▶ _TRY IT_
When you return the material, keep every line exactly as it is and omit the pictures.

▶ _SOURCE MATERIAL_
==*==

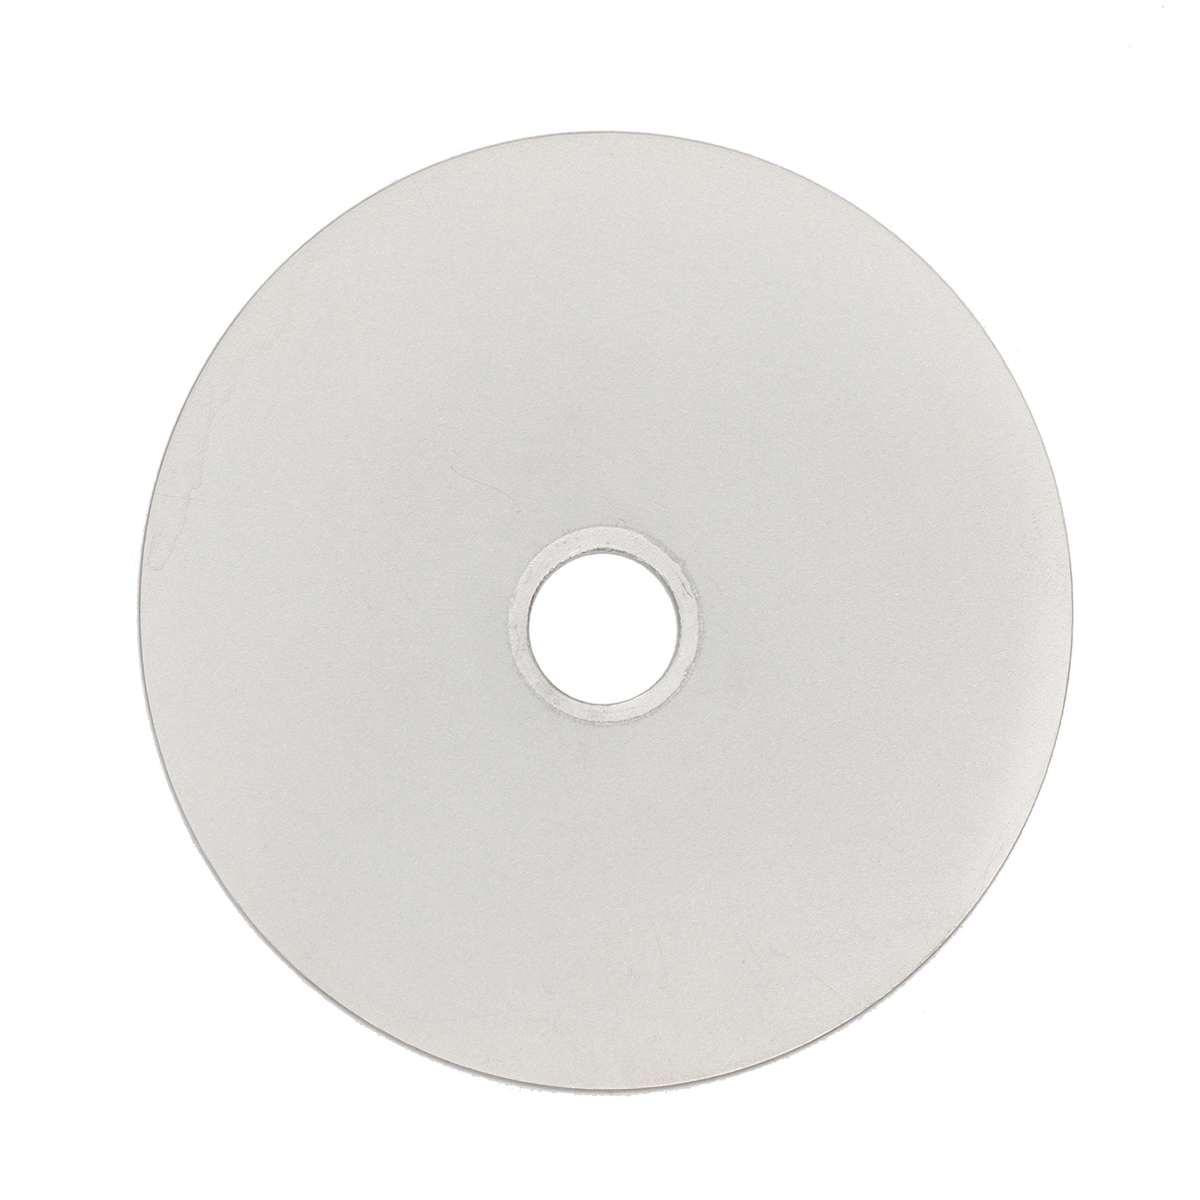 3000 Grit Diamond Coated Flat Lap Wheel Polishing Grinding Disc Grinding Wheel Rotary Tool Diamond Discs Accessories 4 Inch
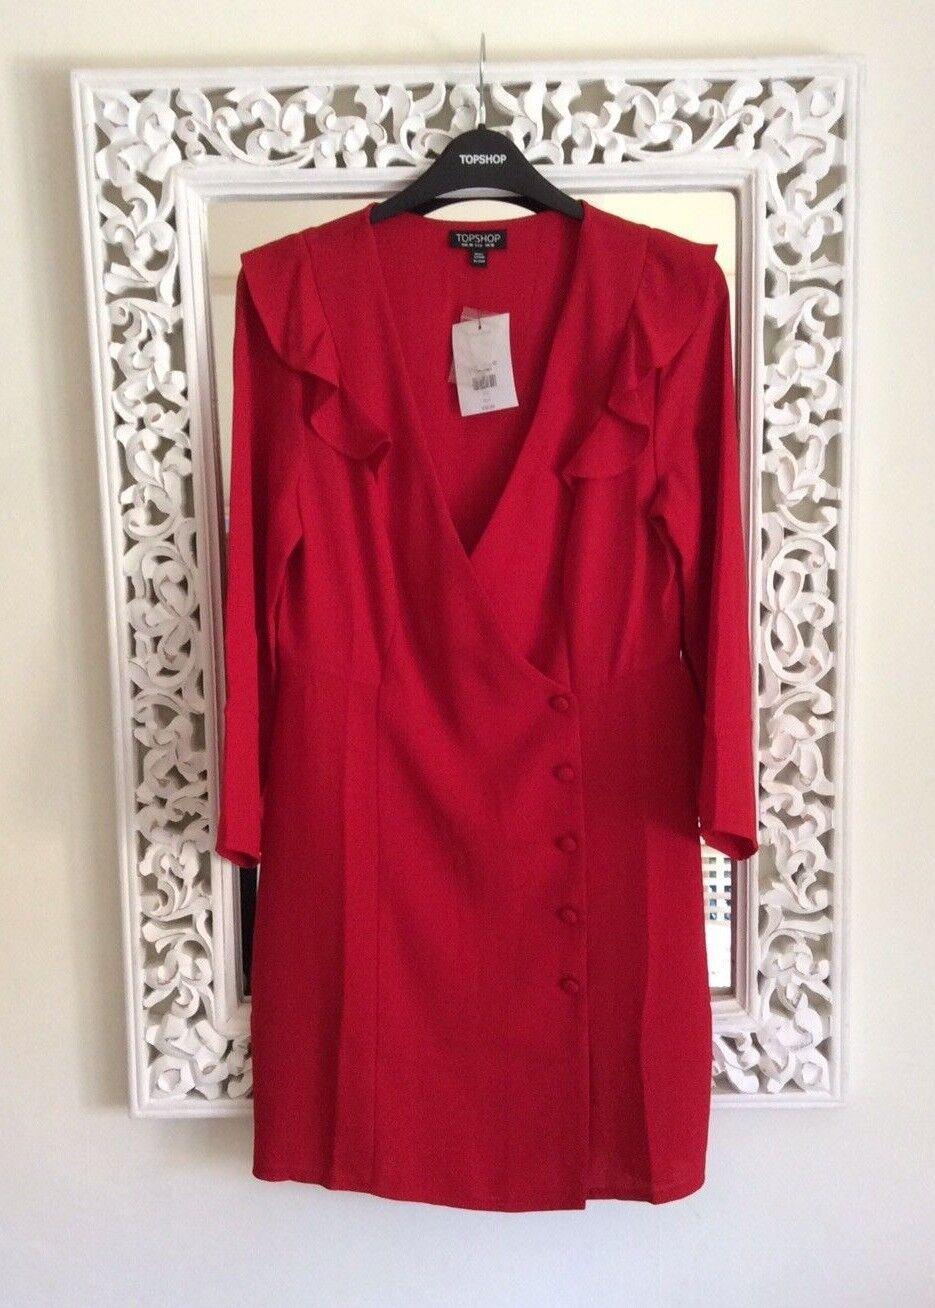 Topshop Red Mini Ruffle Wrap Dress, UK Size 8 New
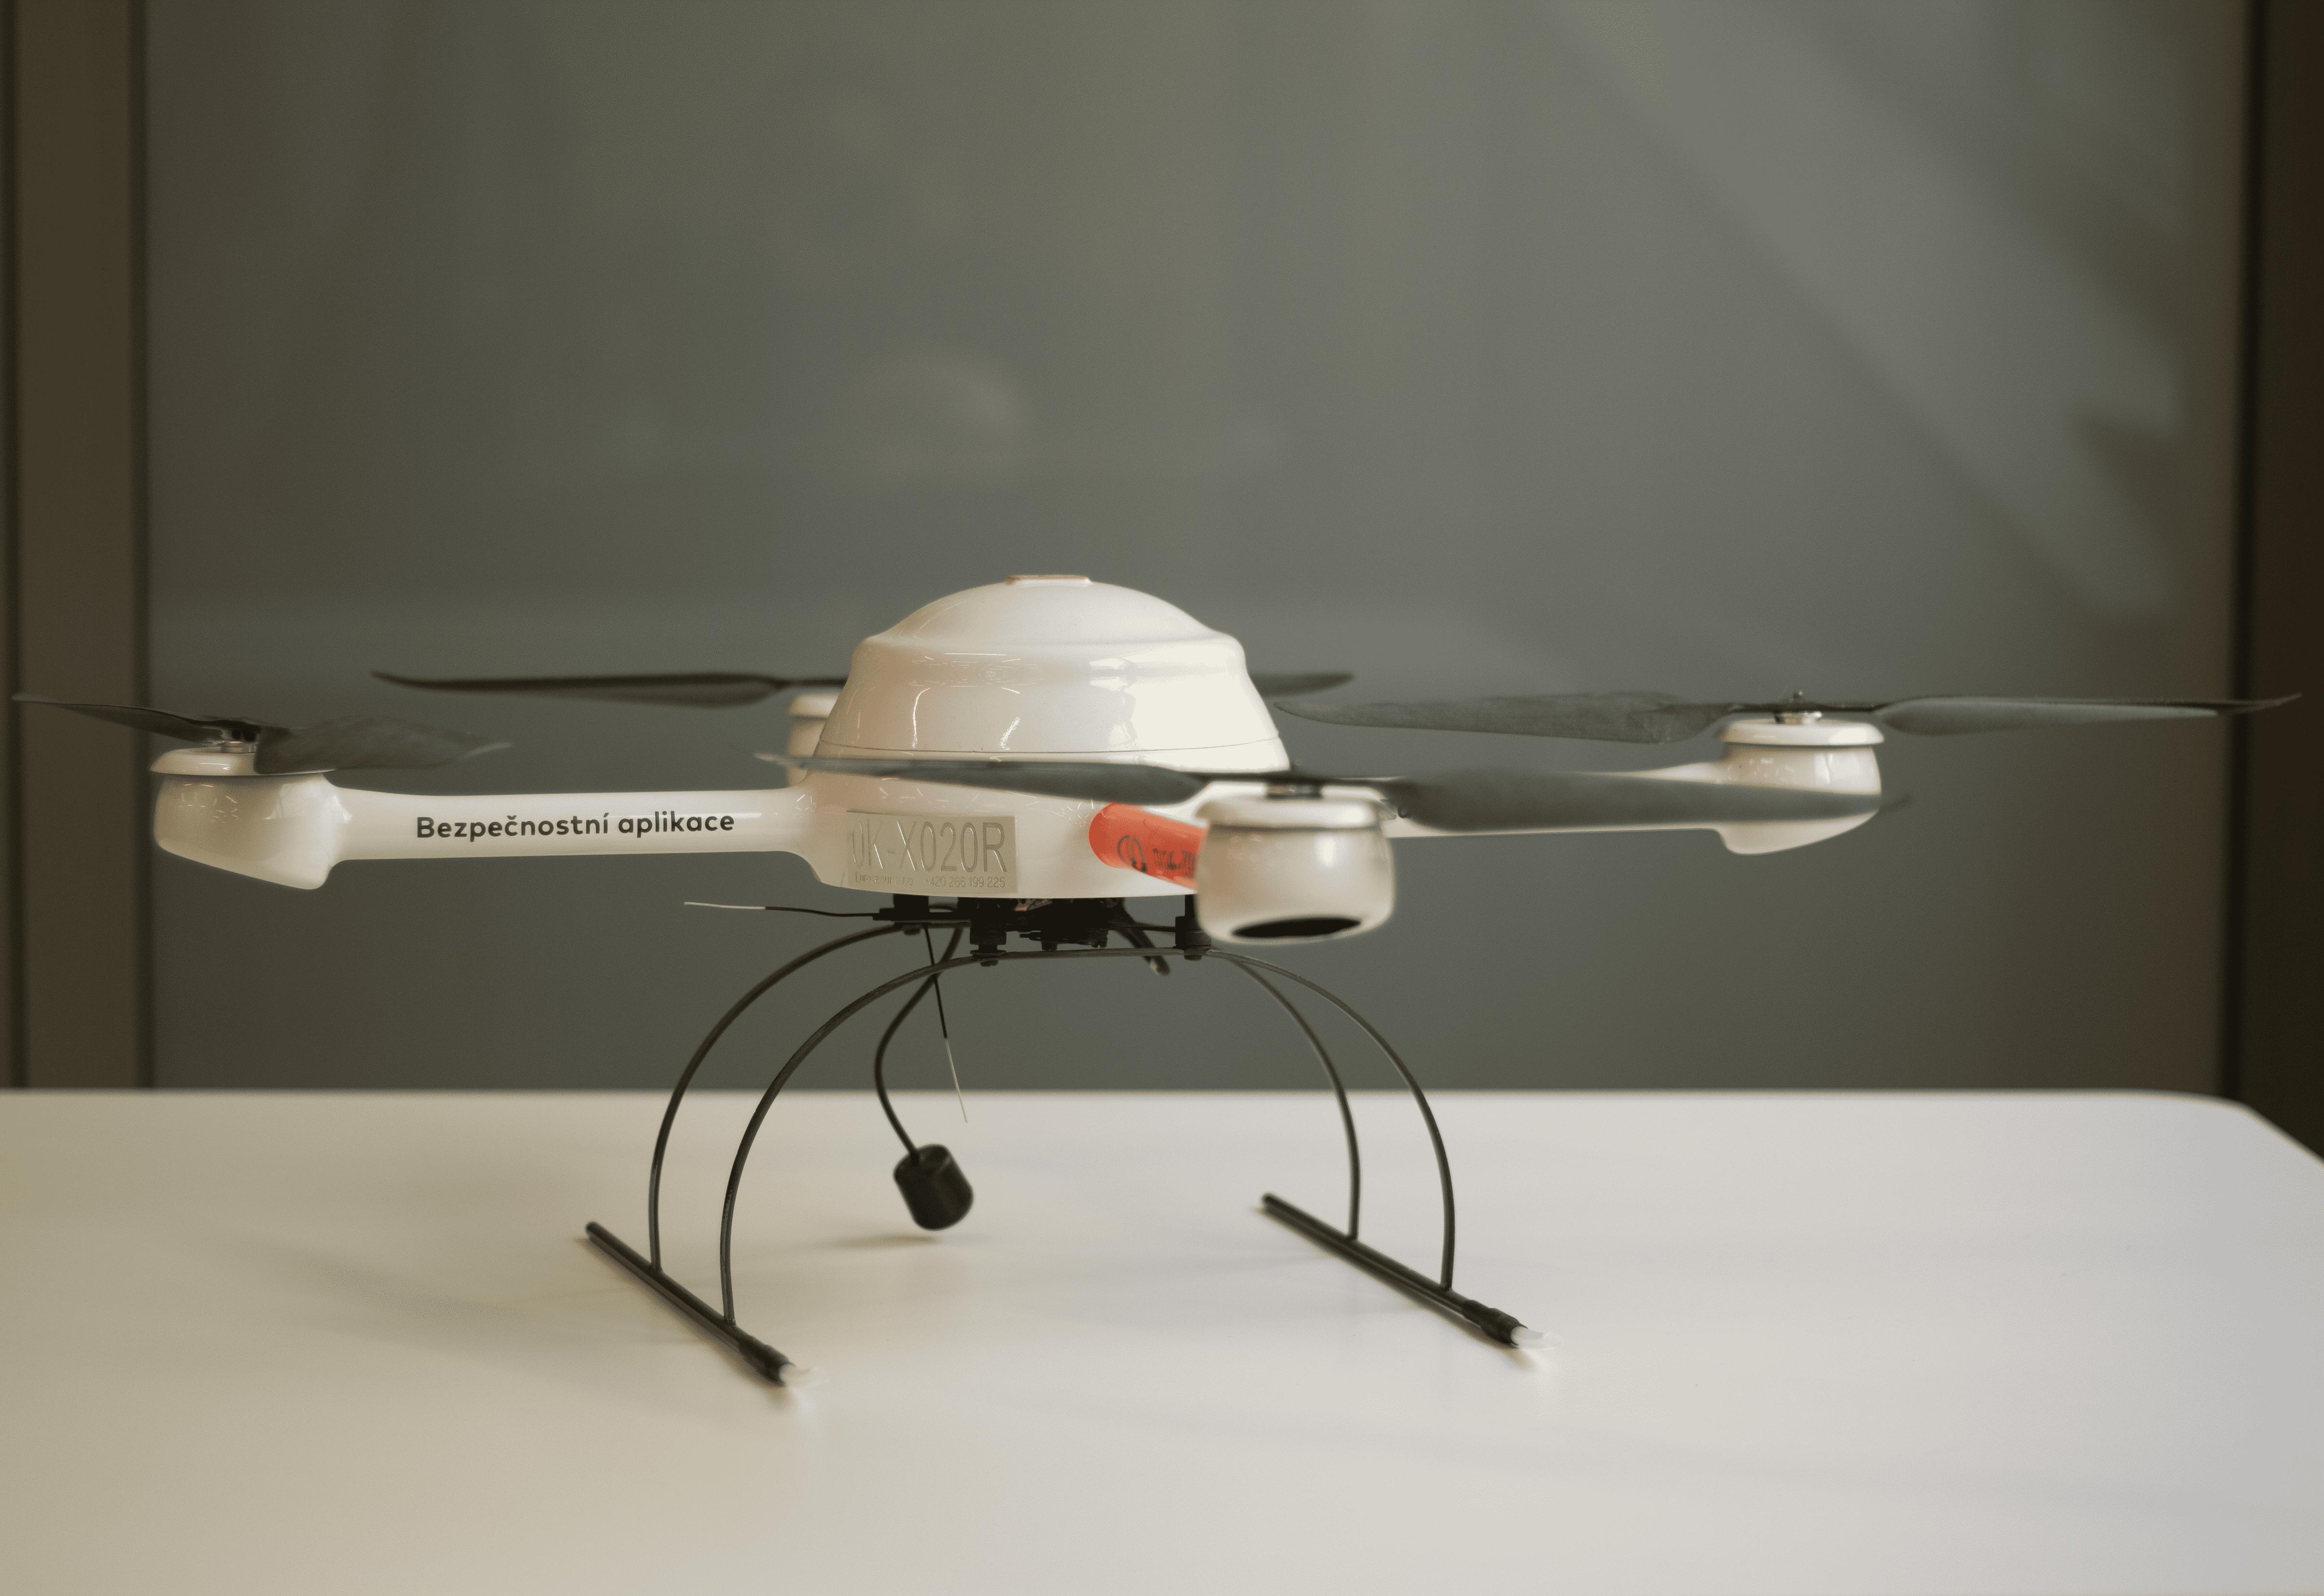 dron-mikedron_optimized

==*==

▶ _EXERCISE SOLUTION_
 3000 Grit Diamond Coated Flat Lap Wheel Polishing Grinding Disc Grinding Wheel Rotary Tool Diamond Discs Accessories 4 Inch
 Topshop Red Mini Ruffle Wrap Dress, UK Size 8 New
 dron-mikedron_optimized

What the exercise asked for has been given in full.